Wovember Words: Een Teen Thuther Futher Fipps

Following from this post about sheep counting words in Cumbria, TEAM WOVEMBER have been doing some sleuth work re: other sheep-counting words in different places and regions. According to a source quoted below, a variation on Yan Tan Tether Mether Pip was used in Lincolnshire, with a further version was reported to have been in use by Native Americans in the late nineteenth century. Judith Lesley Marshall seems to have come across this text too, as she refers to it in this article which also describes yet another regional variation on sheep counting words used in Teesdale. You can hear Judith describing the Teesdale counting words by clicking the Radio Teesdale link below, where you shall also find the counting systems recorded in Lincolnshire and in America mentioned by Dee Duke & Rowena Edlin-White.

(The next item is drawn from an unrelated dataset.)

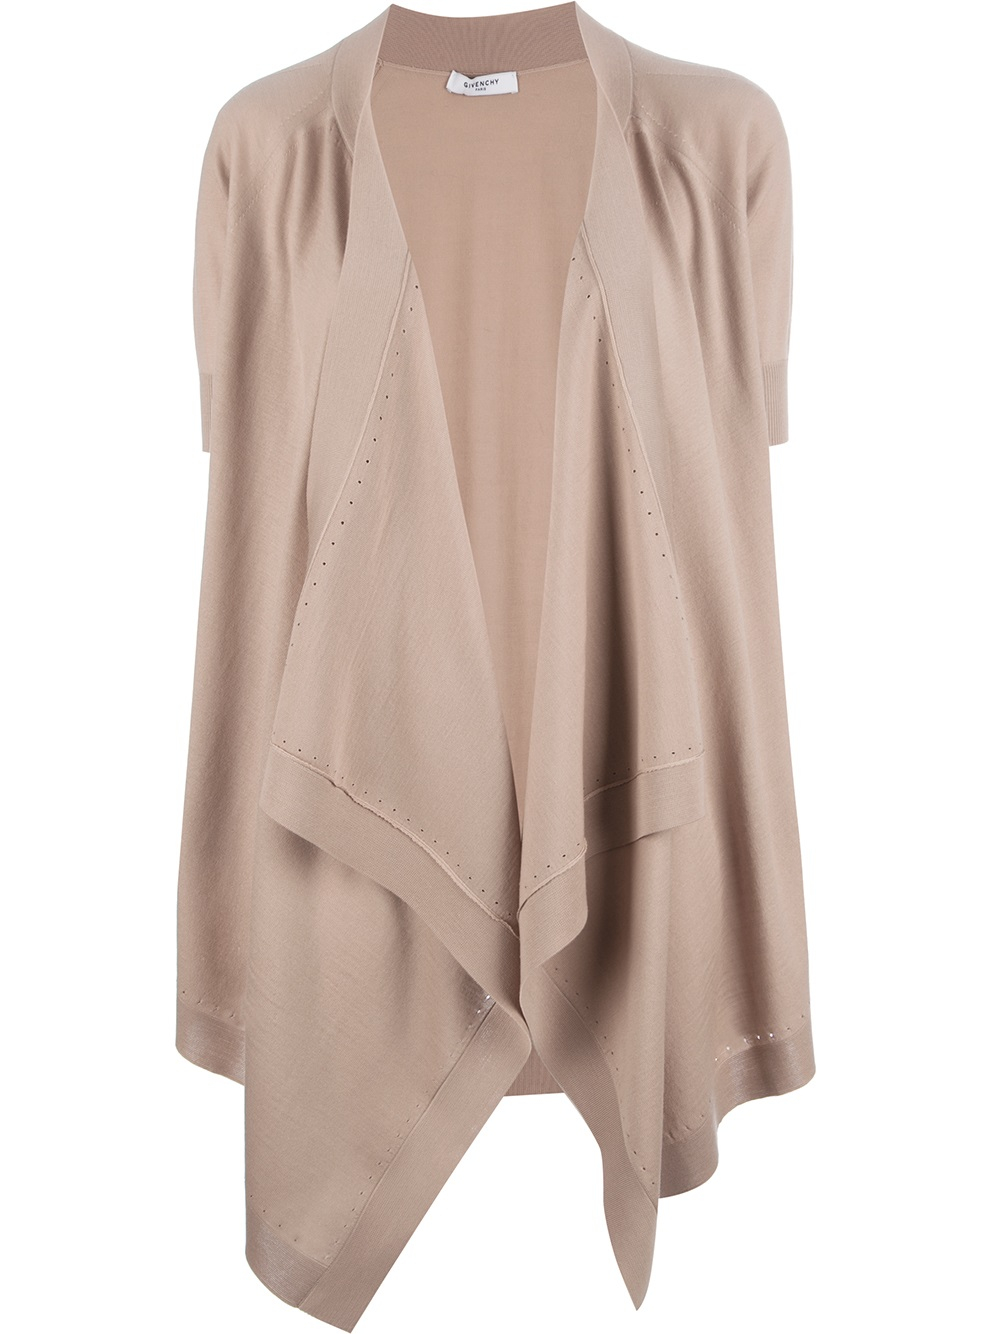 Lyst - Givenchy Asymmetric Ruffled Cardigan in Natural

This got TEAM WOVEMBER wondering: the only reference we could find anywhere confirming connections between the counting words of Native Americans with those used in the North of England is in a musical written in 1957, called The Music Man. There is a scene in this play where the wife of the Mayor exclaims “I will now count to twenty in the Indian tongue! Een teen tuther featherfip!” Is this line in the play responsible for the idea that Native American peoples were using these old counting words with their Gaelic origins, or does it reflect that through the dark mechanisms of Imperialism the counting words were imposed onto Native American culture by the time the play was written? This webpage quotes the old counting words as definitely being non-indigenous but were they nevertheless assimilated into the culture? If you have any knowledge on this topic we would love to hear it; seeing how these words have traveled tells an important though sometimes troubling story.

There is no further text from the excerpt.